Summary – This project will examine marginalised postgraduate researcher students’ experiences of campus in order to understand which places promote a strong sense of belonging to the University and how these places can contribute to emotional wellbeing. It will also examine the places on campus that make these students feel unwelcome or uncomfortable in order to identify what can be done to transform these spaces.

Project – Co-creating a Research Culture Plan for Mechanical Engineering.
Members – Dr Briony Thomas, Professor Sophie Williams, Dr Sepideh Khodaparas and George Jackson-Mills.
Summary – The aim of this scoping project is to co-produce a research culture action plan by initiating dialogue and listening to the challenges faced by early career academics (ECAs).

Medicine and Health (FMH)

Project – Rebuilding Faces, Rebuilding Lives: A Collaborative Public Engagement Project.
Members – Dr Rachael Jablonski and Professor Sue Pavitt. Six artists (Sarah Morley, Brigid Brind, Jenny Mather, Alison Murdoch, Sara Stabb and Tracy Ireland). Two Patient and Public Involvement Contributors. 
Summary – This is an innovative collaborative public engagement project, which focuses on living beyond treatment for head and neck cancer and aims to disseminate novel research, recently completed within the University, into improved rehabilitation processes.

Project – Methods We Trust: Developing Trust Between Researchers and the Community About Clinical Trial Research.
Members – Liam Bishop and Delia Muir.
Summary – This project aims to build sustainable, equitable relationships between the Culturally Diverse Hub, the communities they serve and Leeds Institute for Clinical Trials Research (LICTR), and to further develop, evaluate and share inclusive community engagement methodologies. 

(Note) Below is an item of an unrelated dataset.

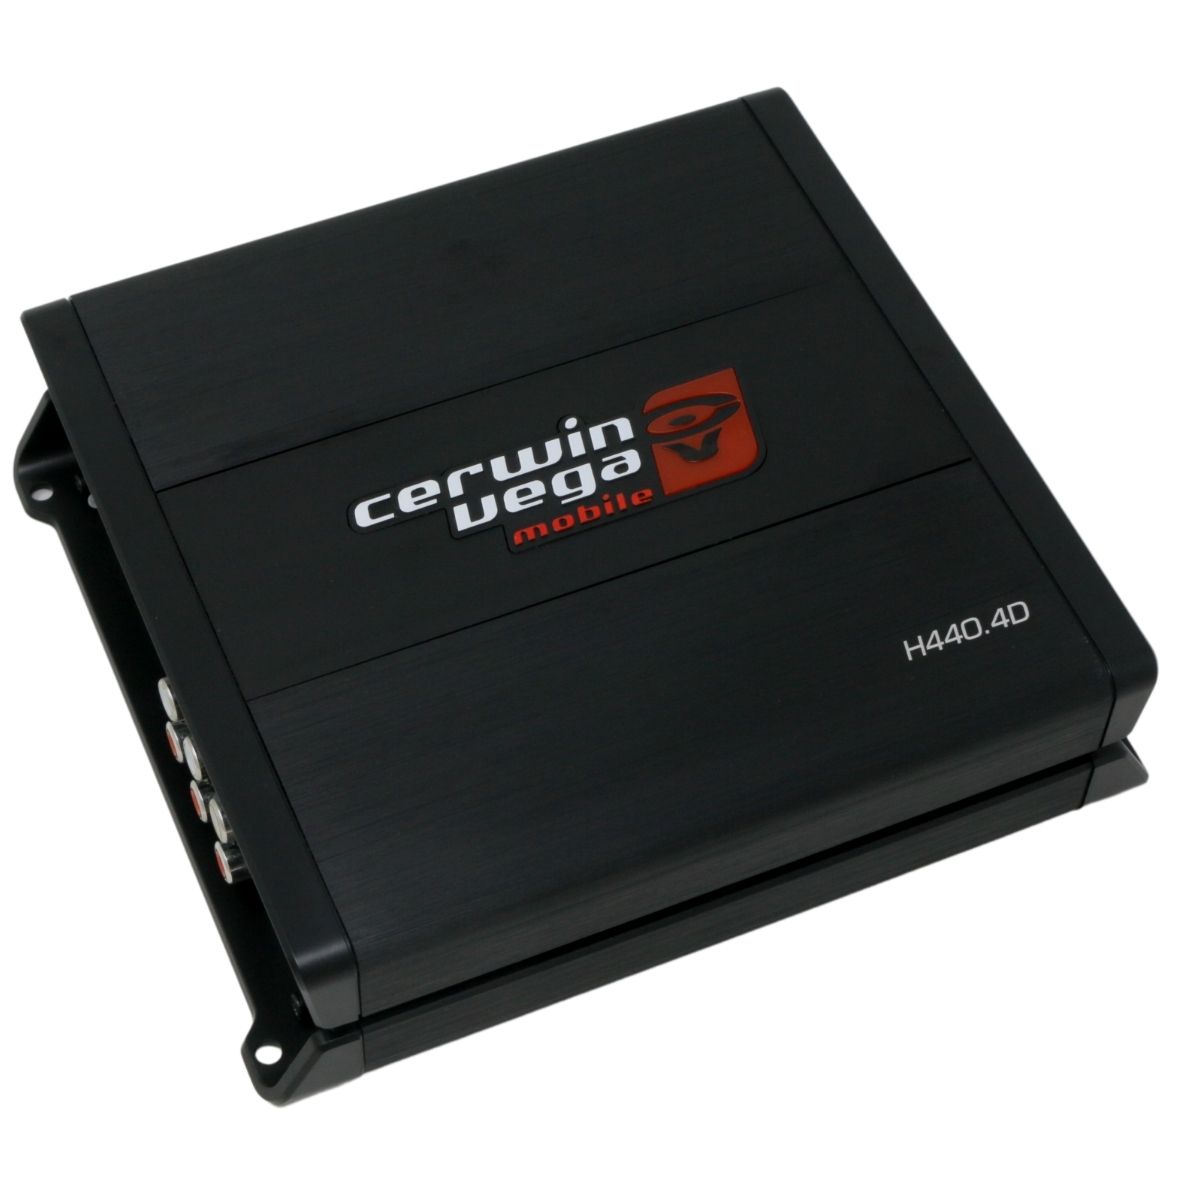 Cerwin Vega H440.4D 440W RMS Full Range Class-D 4 Channel Digital Amplifier

Project – The ‘YUK’ Microbiome Citizen Science Community Project.
Members – Yasmen Elsadek, Professor Sue Pavitt, Lucy Simpson, Poonam Anand, Dr Thuy Do, Jack Lynch, Emma Black, Dr Karen Vinall-Collier and Dr Julia Csikar, with (external) Holly Davies, Flavian Kow, Richard Boards and Jenny Boards.
Summary – This project addresses oral health inequality in disadvantaged teenagers in West Yorkshire embedded within the infrastructure of RAISED in Yorkshire, a collaborative public engagement programme.

Leeds University Business School (LUBS)

Project – Improving Research Culture Through Addressing Inequality in Research Funding.
Members – Dr Charlotte Stephenson, Jo Garrick, Hannah Preston, Shereen Robinson, Sarah Shaw and Professor Yingqi (Annie) Wei.
Summary – This project aims to develop an evidence-based research funding culture strategy to improve equality in research funding applications and grant attainments that will be implemented in LUBS.  

Organisational Development and Professional Learning (OD&PL)

Project – Parental Leave and Return to Work Group Coaching Programme Pilot.
Members – Dr Marjorie Boissinot, Jenny Love and Dr Fiona Gill.
Summary – The aim of this project is to provide tailored support for female research colleagues preparing to return to work after maternity, adoption or shared parental leave (collectively referred to here as parental leave), or recently returned from such leave, with the ultimate goal of increasing retention of women in academia.